I am extracting 100 lat/long points from Google Maps and placing these into a text file. The program should be able to read in the text file, calculate the haversine distance between each point, and store in an adjacency matrix. The adjacency matrix will eventually be fed to a 2-opt algorithm.

Extracting an adjaceny matrix containing haversine distance from points on map has already been dealt with. This question tackles the 2-opt algorithm.

The 2-opt function is called from main as follows. route is a randomly generated list of 100 numbers, which is the path the 2-opt should follow.

def main():
    best = two_opt(connect_mat, route)  #connectivity/adjacency matrix

And here is the 2-opt function and a cost function that it utilizes.

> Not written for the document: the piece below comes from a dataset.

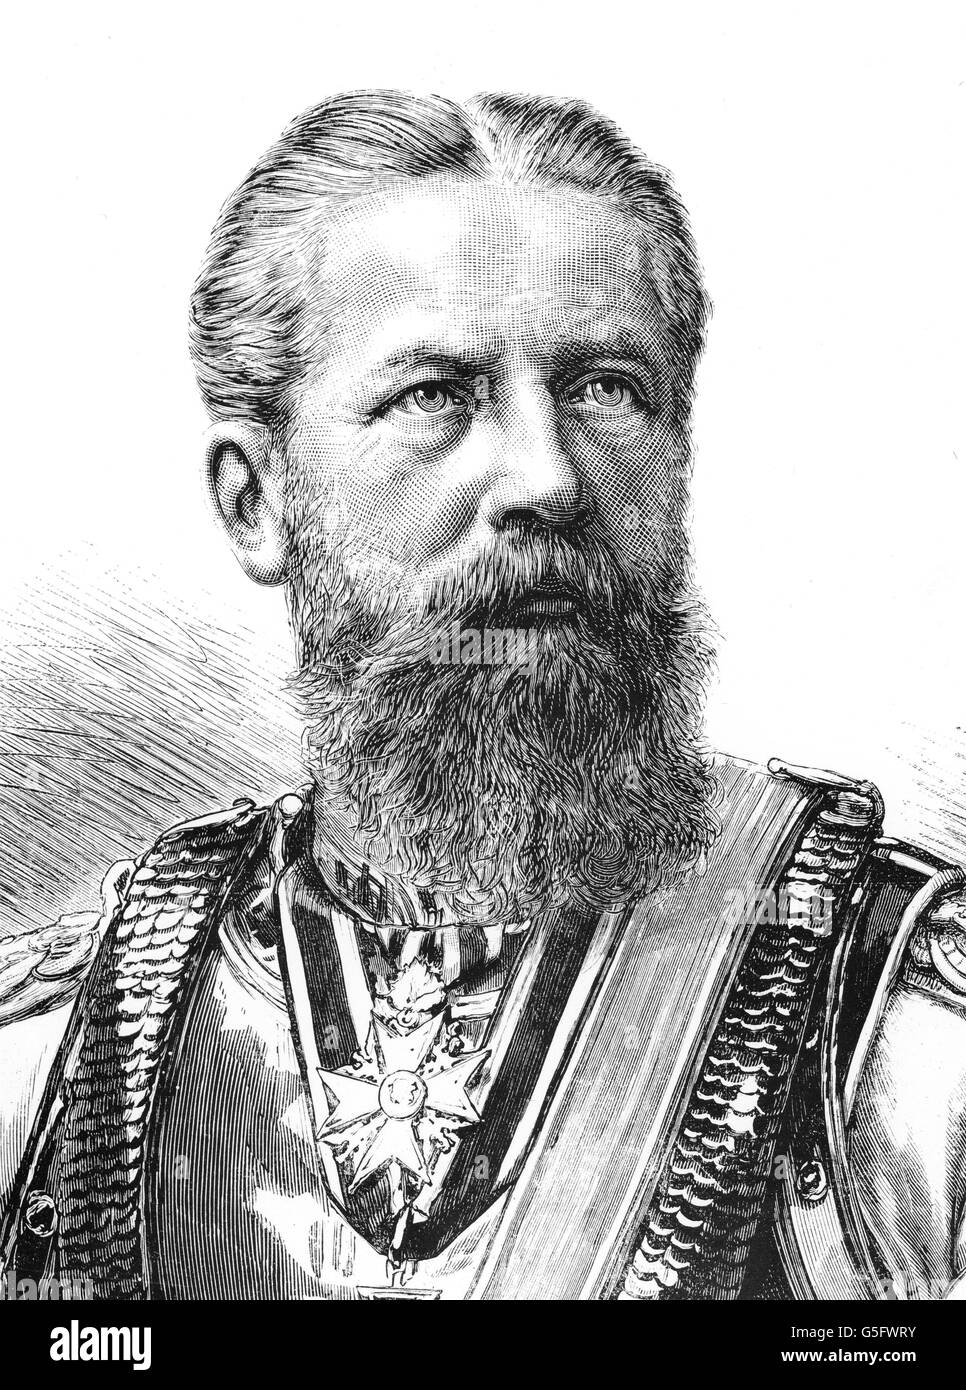 Frederick III, 18.10.1831 - 15.6.1888, German Emperor 9.3. - 15.6.1888, portrait, wood engraving, circa 1875, Stock Photo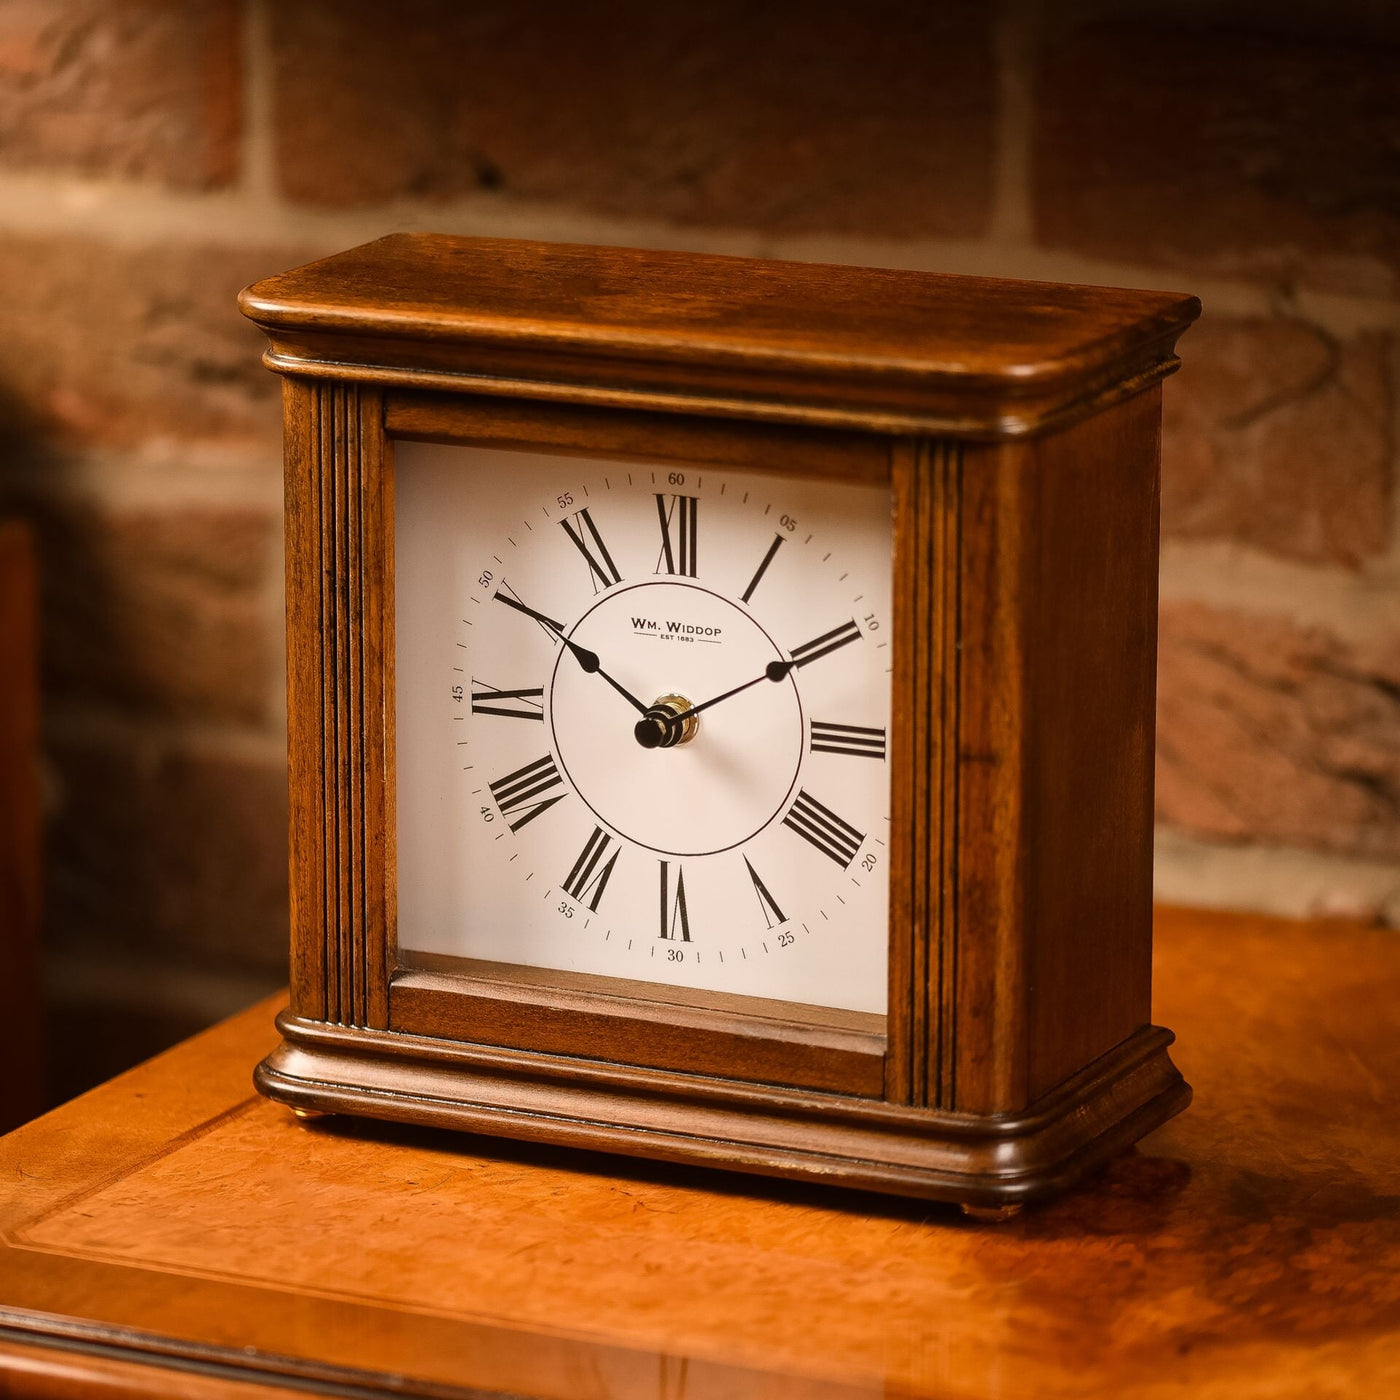 WM.Widdop. Wooden Square Mantel Clock *NEW* - timeframedclocks

Can they be optimized in any way?

def cost(cost_mat, route):
    return cost_mat[np.roll(route, 1), route].sum()  # shifts route array by 1 in order to look at pairs of cities


def two_opt(cost_mat, route):
    best = route
    improved = True
    while improved:
        improved = False
        for i in range(1, len(route) - 2):
            for j in range(i + 1, len(route)):
                if j - i == 1: continue  # changes nothing, skip then
                new_route = route[:]  # Creates a copy of route
                new_route[i:j] = route[j - 1:i - 1:-1]  # this is the 2-optSwap since j >= i we use -1
                if cost(cost_mat, new_route) < cost(cost_mat, best):
                    best = new_route
                    improved = True
                    route = best
    return best

Sample Input:

35.905333, 14.471970
35.896389, 14.477780
35.901281, 14.518173
35.860491, 14.572245
35.807607, 14.535320
35.832267, 14.455894
35.882414, 14.373217
35.983794, 14.336096
35.974463, 14.351006
35.930951, 14.401137
.
.
.

Sample Output

enter image description here

I would like to be able to scale up the points being read to 5000. With the code above it would be painfully slow.

Timer Test:

Starting a timer at the beginning of the function and ending before the return statement gives an average of 1.5s per 100 points. If simple proportion can be used to test algorithm scaling performance, then:

  • 100 points: 1.5s
  • 1000 points: 15s
  • 5000 points: 75s

Please correct me if my above assumption is wrong.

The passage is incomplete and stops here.